Lemon Butter Salmon with Roasted Potatoes & Broccoli

This Lemon Butter Salmon with Crispy Potatoes and Roasted Broccoli is the perfect weeknight dinner, offering a delicious balance of tender salmon, crispy potatoes, and roasted veggies. Topped with a zesty lemon butter sauce, it’s an easy, nutritious, and flavorful meal.

  • Prep Time: 10 minutes
  • Cook Time: 30-35 minutes
  • Total Time: 40-45 minutes
  • Yield: 4 servings 1x
  • Category: Main Dish
  • Method: Roasting, Sautéing
  • Cuisine: American
  • Diet: Gluten Free

Ingredients

  1. For the Lemon Butter Salmon:
    • 4 salmon fillets
    • 2 tbsp olive oil
    • 2 tbsp butter
    • 1 lemon (zested and juiced)
    • Salt and pepper, to taste
    • Fresh parsley, chopped (for garnish)

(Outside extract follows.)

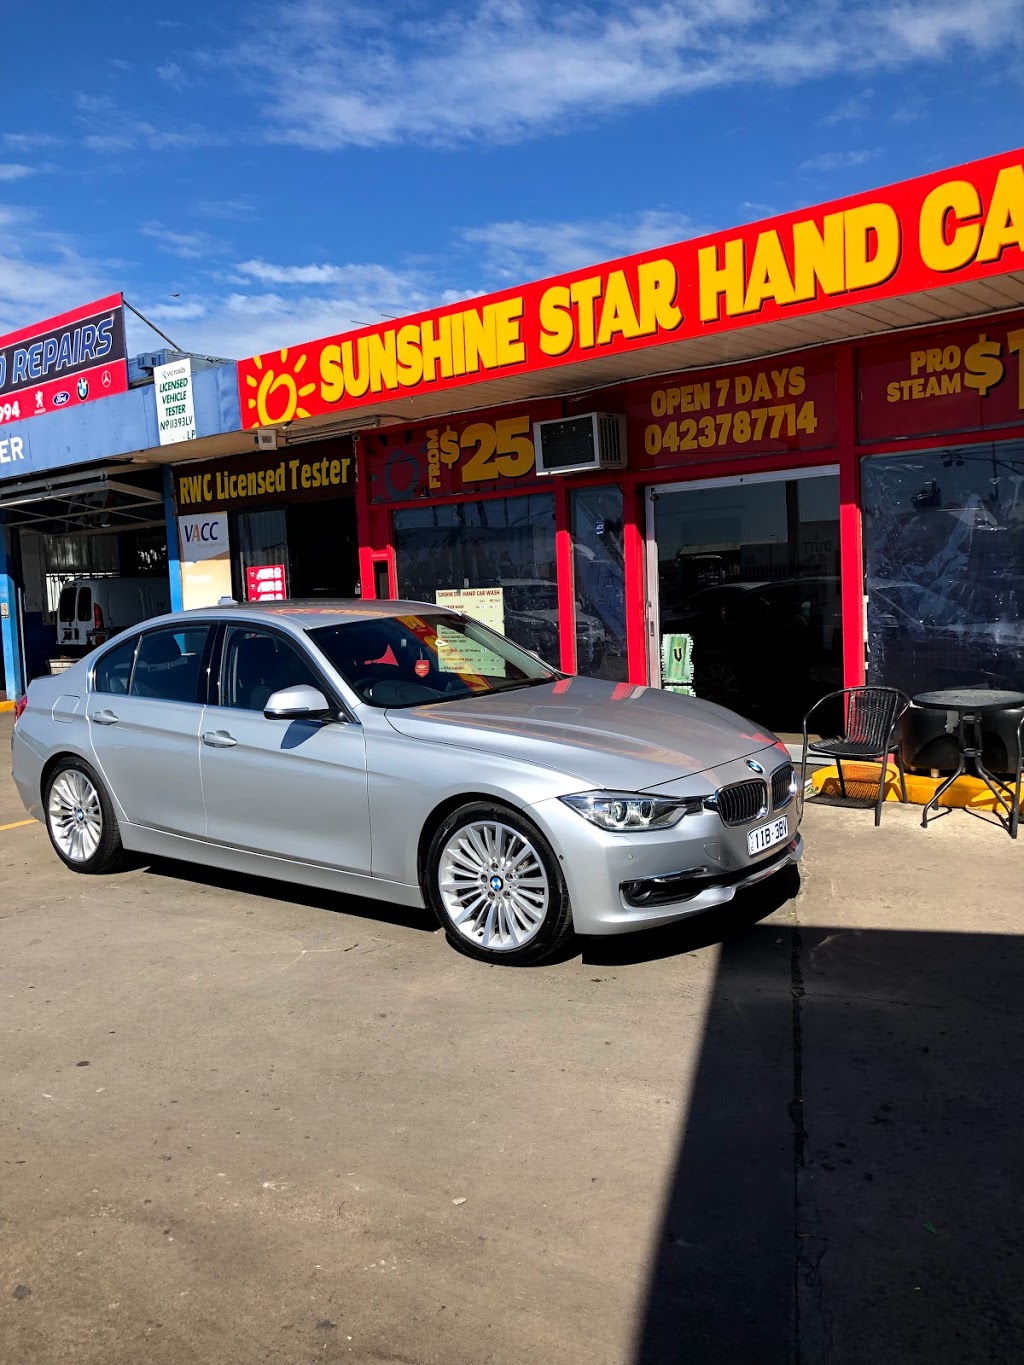 Sunshine Star Hand Car Wash & Detailing | car wash | 2a Market Rd, Sunshine VIC 3020, Australia | 0423787714 OR +61 423 787 714

    For the Crispy Potatoes:

    • 4 medium potatoes, diced
    • 2 tbsp olive oil
    • 1 tsp garlic powder
    • Salt and pepper, to taste

    For the Roasted Broccoli:

    • 1 head of broccoli, cut into florets
    • 1 tbsp olive oil
    • Salt and pepper, to taste

Instructions

  • Preheat Oven:
    Set your oven to 400°F (200°C). Line a baking sheet with parchment paper.
  • Crispy Potatoes:
    Toss the diced potatoes with olive oil, garlic powder, salt, and pepper. Spread them out on the baking sheet. Roast for 20-25 minutes, flipping halfway through, until golden and crispy.
  • Roast Broccoli:
    On the same sheet, add the broccoli florets, drizzle with olive oil, and season with salt and pepper. Roast alongside the potatoes for 15-20 minutes until tender.
  • Cook the Salmon:
    While the vegetables are roasting, heat olive oil and butter in a skillet over medium heat. Add the salmon fillets, season with salt and pepper, and cook for 3-4 minutes per side, until cooked through.
  • Prepare Lemon Butter Sauce:
    Once the salmon is done, squeeze the lemon juice and add zest to the skillet. Stir to create a quick lemon butter sauce.
  • Serve:
    Plate the salmon fillets with crispy potatoes and roasted broccoli. Drizzle the lemon butter sauce over the salmon and garnish with chopped parsley.

Notes

  • You can substitute fresh salmon with frozen, just ensure it’s fully thawed before cooking.
  • For extra flavor, you can add a pinch of red pepper flakes to the lemon butter sauce for a subtle kick.
  • Make sure to adjust the cooking time for the salmon based on its thickness.

Nutrition

  • Serving Size: 1 salmon fillet + a portion of potatoes and broccoli
  • Calories: 450 kcal
  • Sugar: 4g
  • Sodium: 650mg
  • Fat: 27g
  • Saturated Fat: 6g
  • Unsaturated Fat: 17g
  • Trans Fat: 0g
  • Carbohydrates: 35g
  • Fiber: 5g
  • Protein: 28g
  • Cholesterol: 70mg
  • SmartPoints Value

    • Estimated SmartPoints: 8-10 points per serving (may vary based on specific ingredients and portion sizes).